Exercise: Below are some records. Return exactly their lines from the one containing "Giovane ragazza bionda" through the one containing "제15회 금융공모전 개최(포스터)", and drop the pictures.

*** Data section

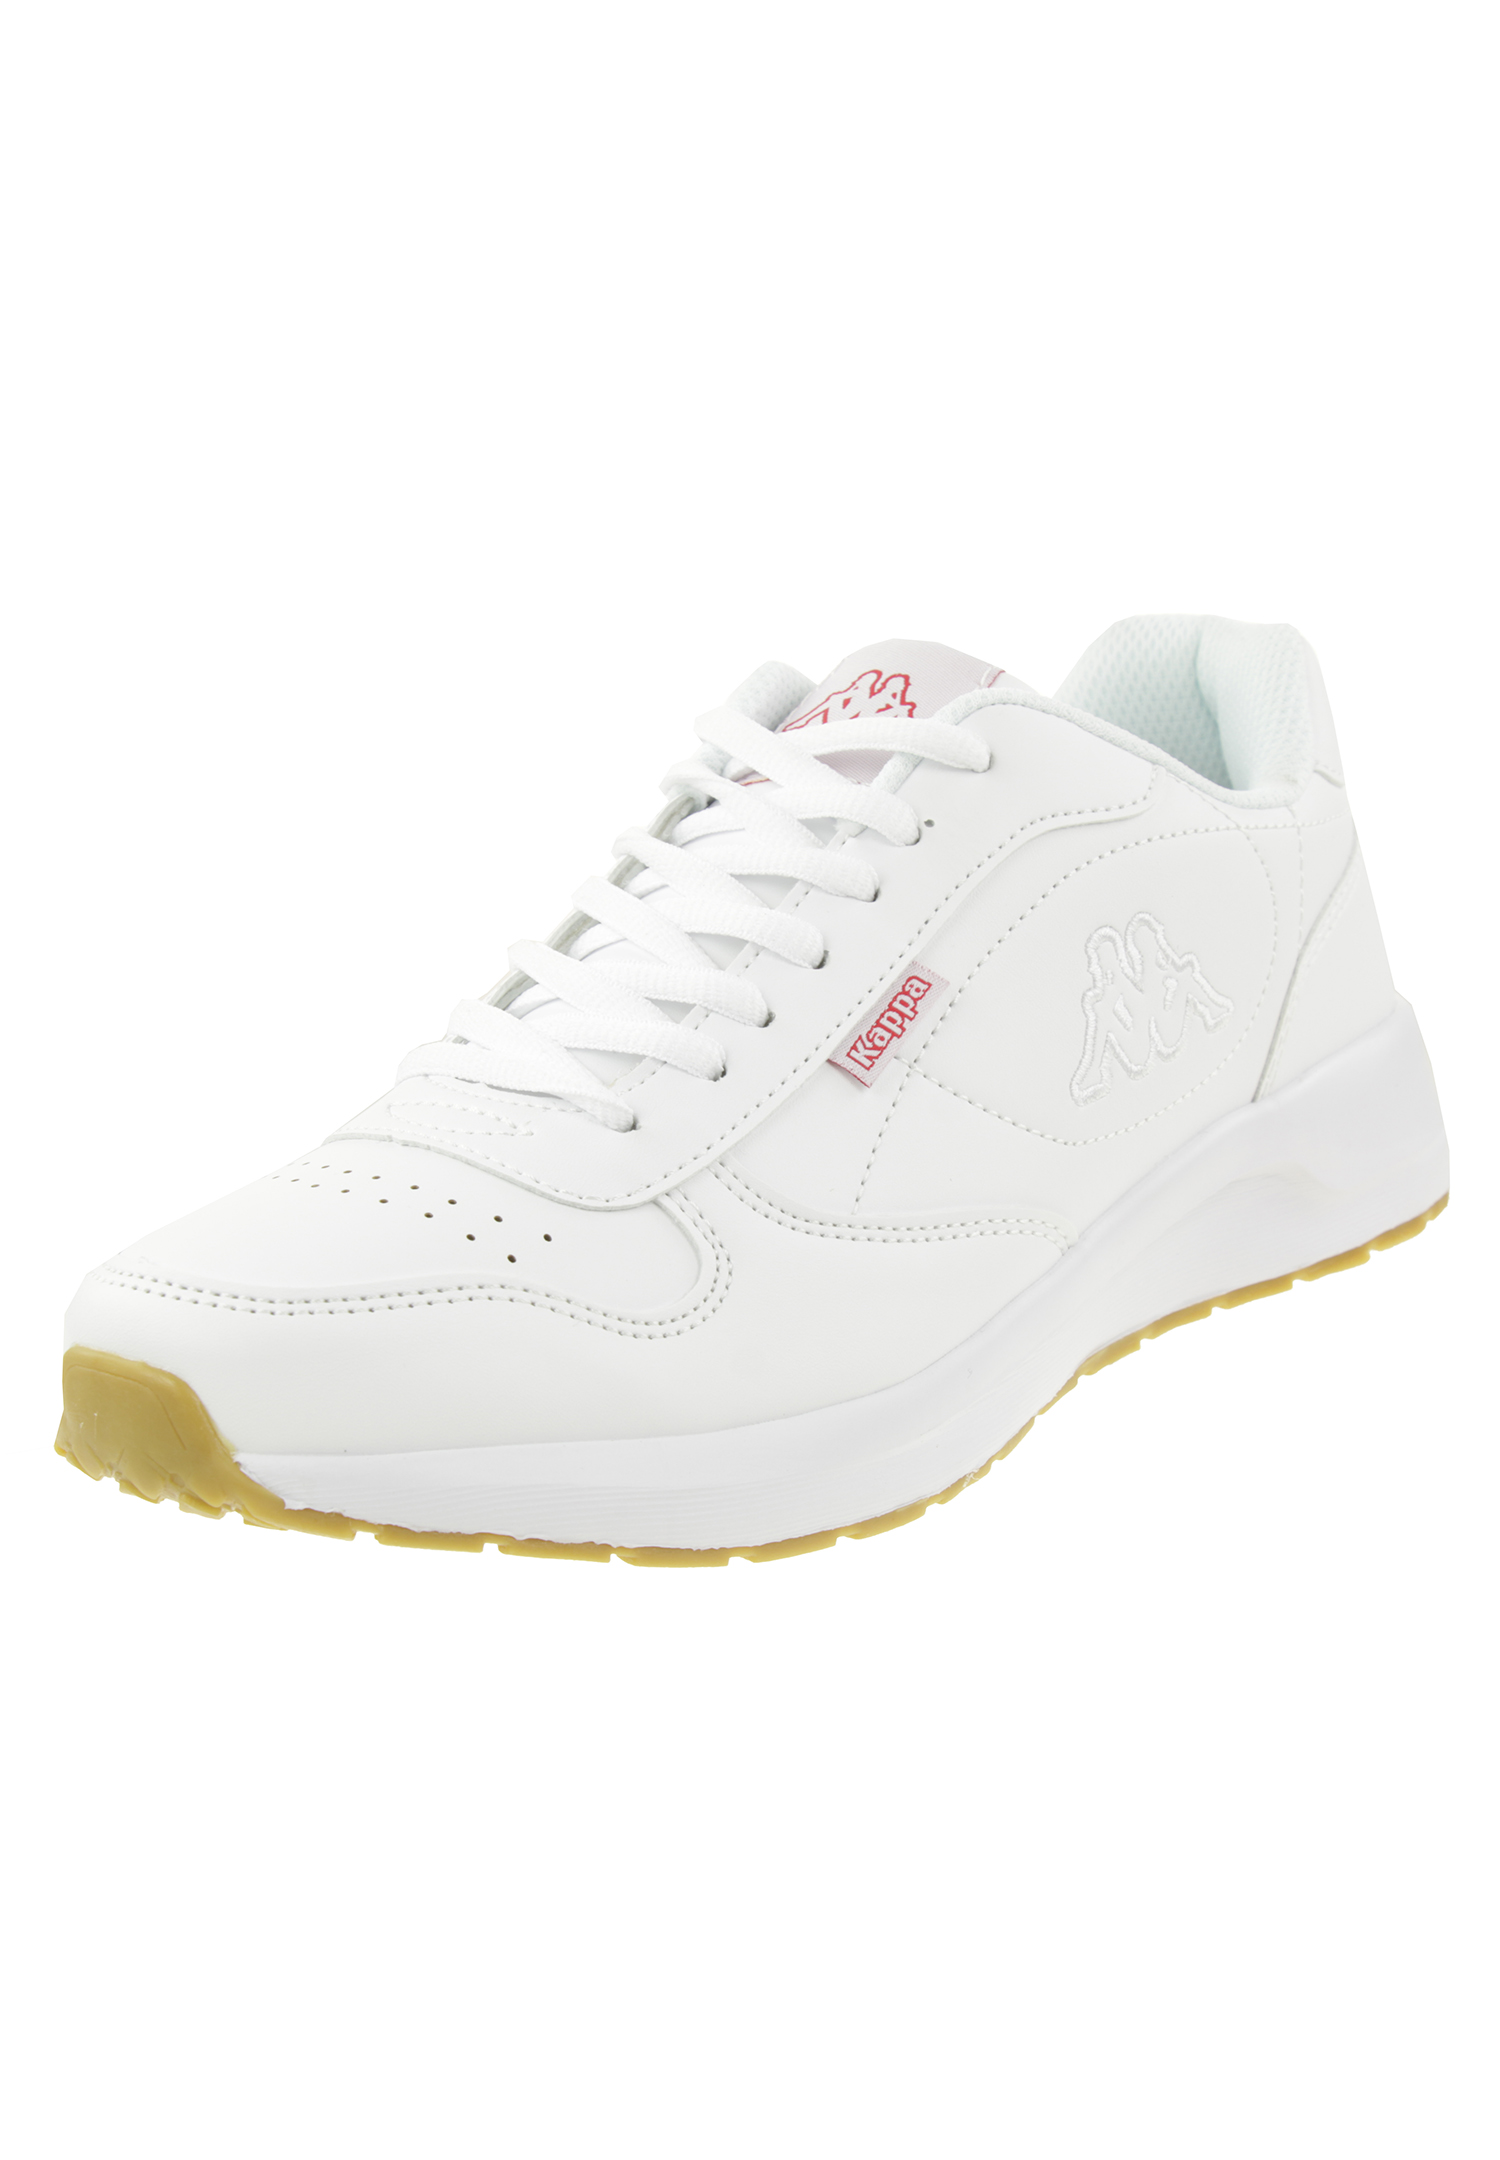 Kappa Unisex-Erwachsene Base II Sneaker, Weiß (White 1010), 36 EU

******
*** Data section

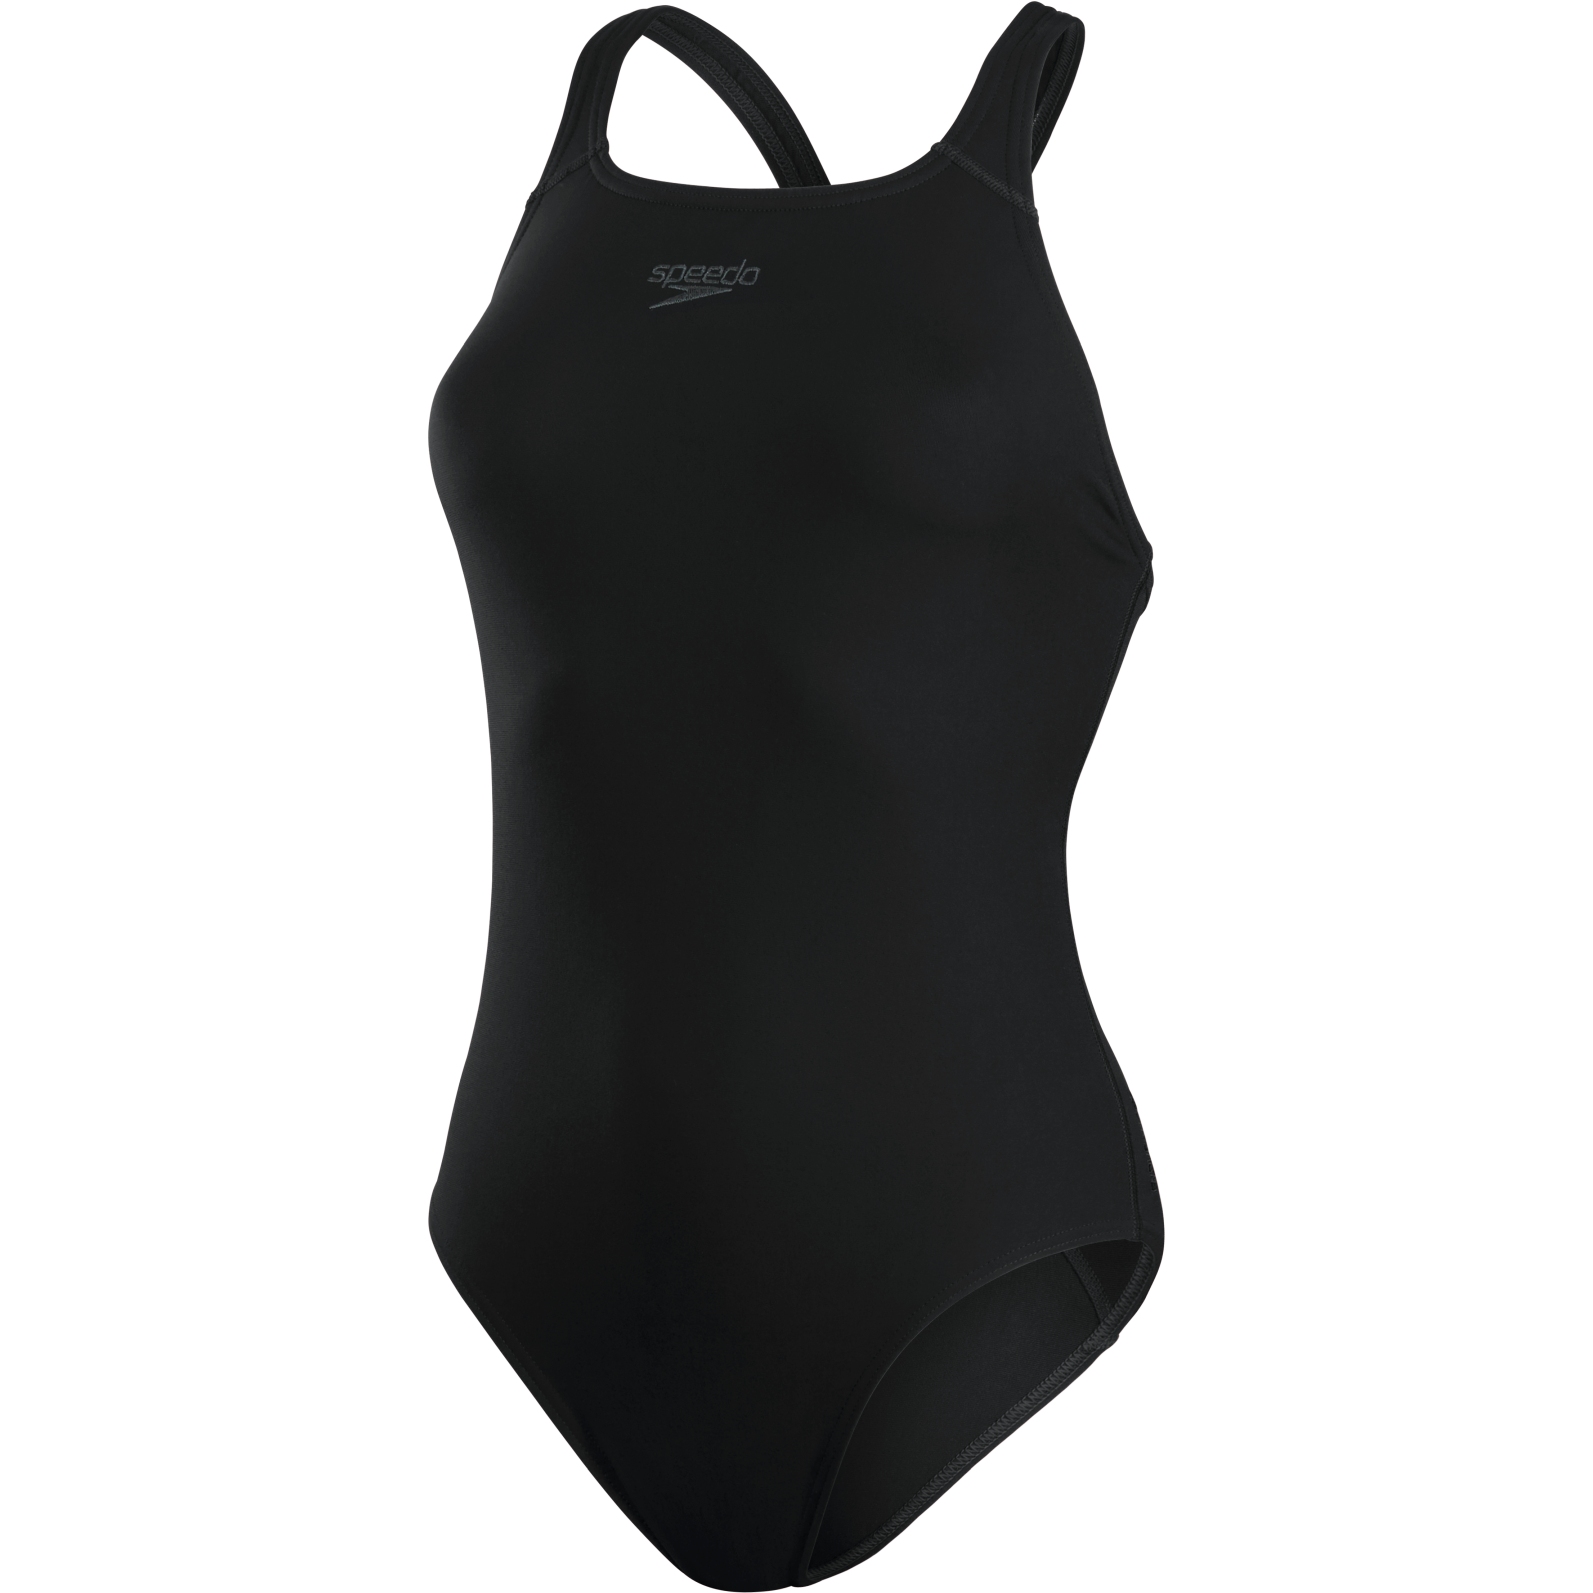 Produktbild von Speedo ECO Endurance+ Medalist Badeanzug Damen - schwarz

******
*** Data section

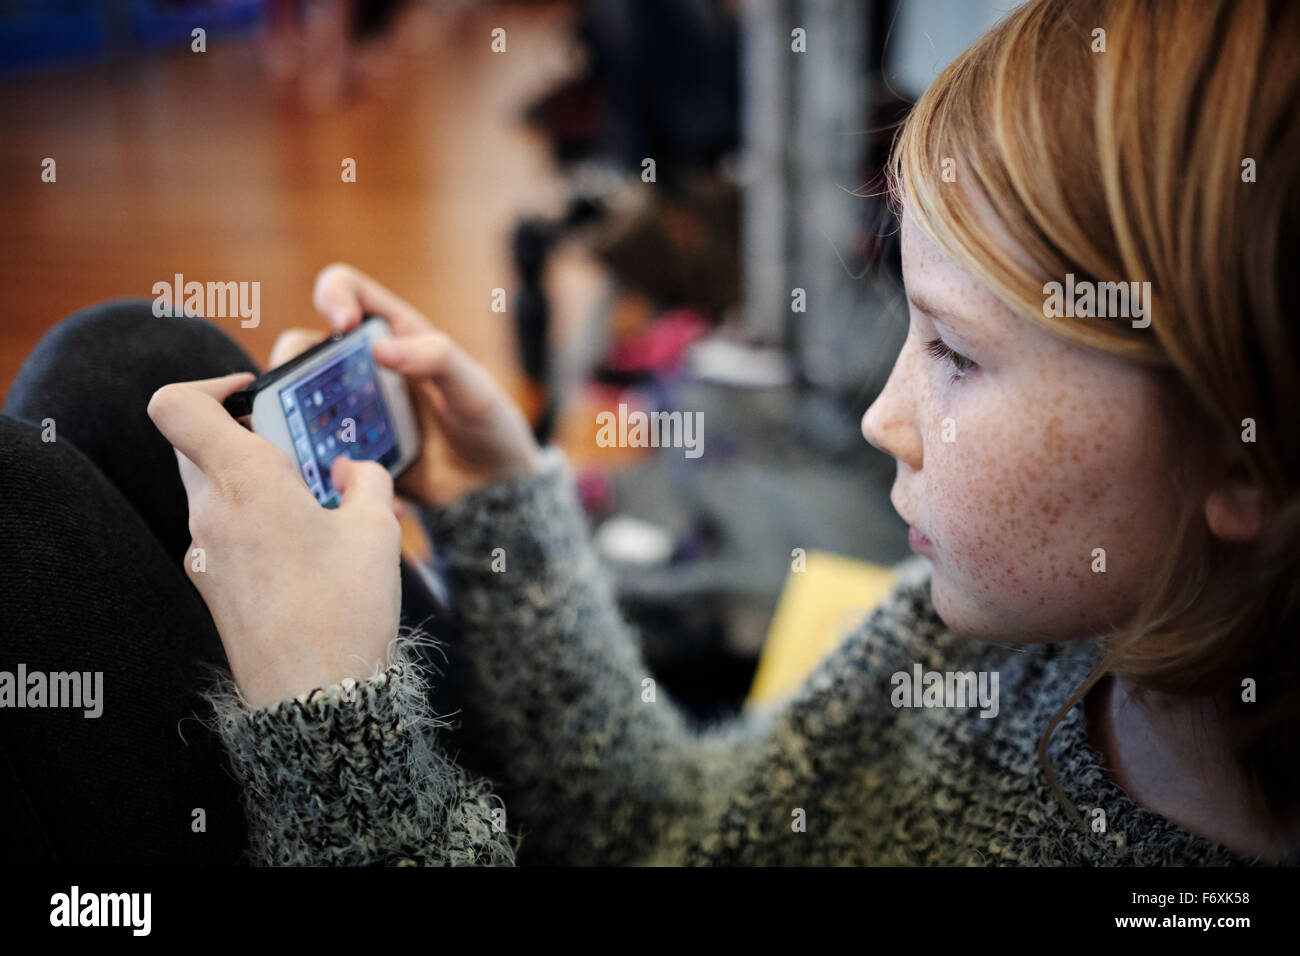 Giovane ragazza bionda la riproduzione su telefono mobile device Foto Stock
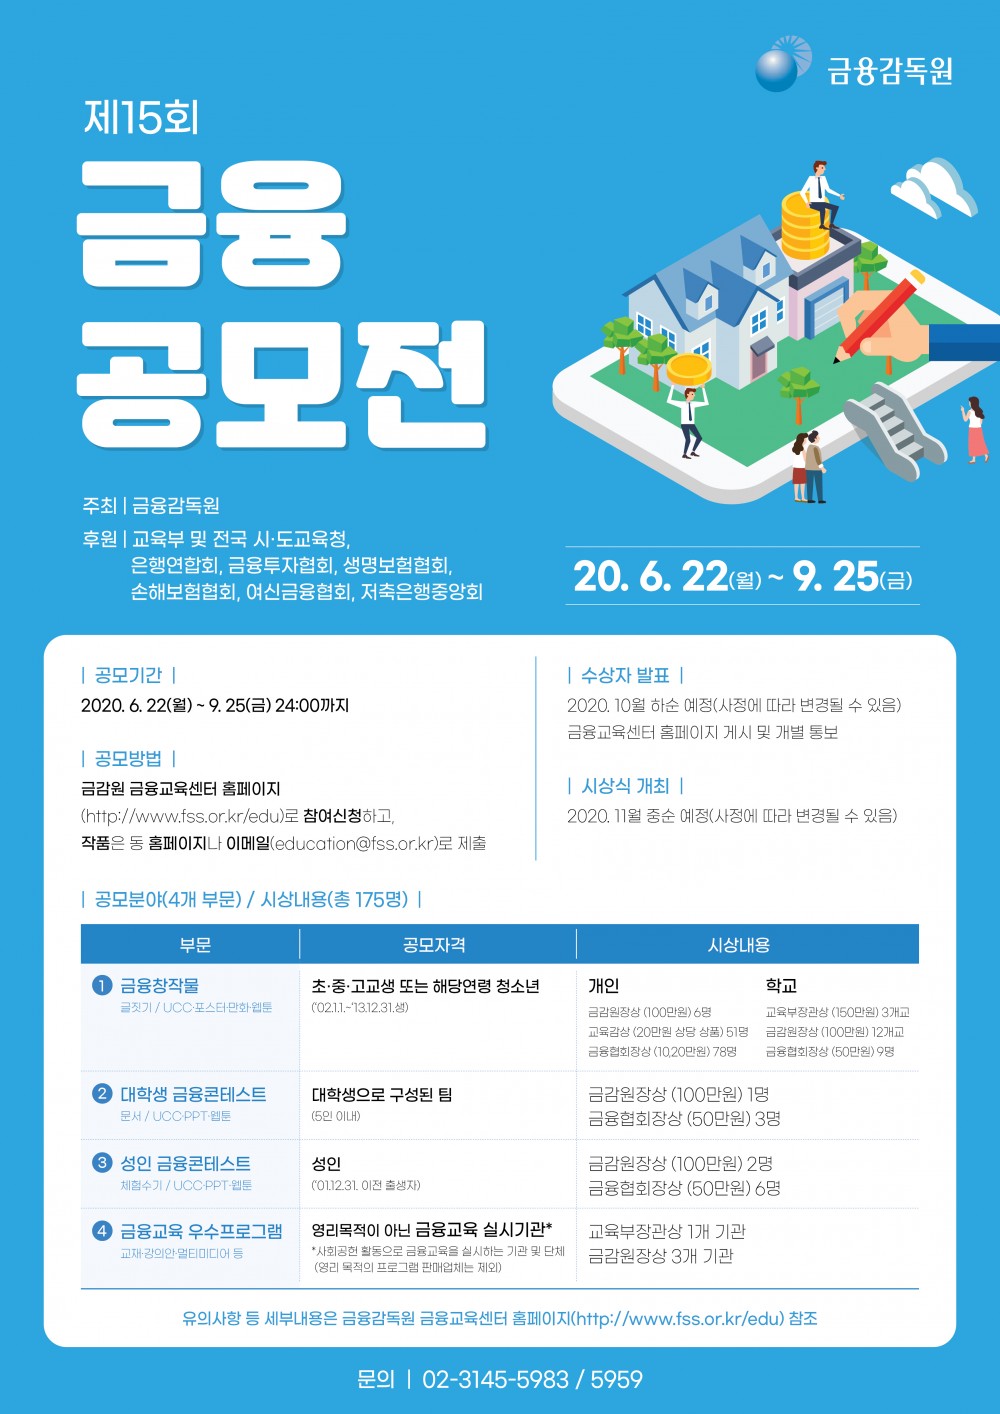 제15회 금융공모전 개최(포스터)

******

Answer for this exercise:
 Giovane ragazza bionda la riproduzione su telefono mobile device Foto Stock
 제15회 금융공모전 개최(포스터)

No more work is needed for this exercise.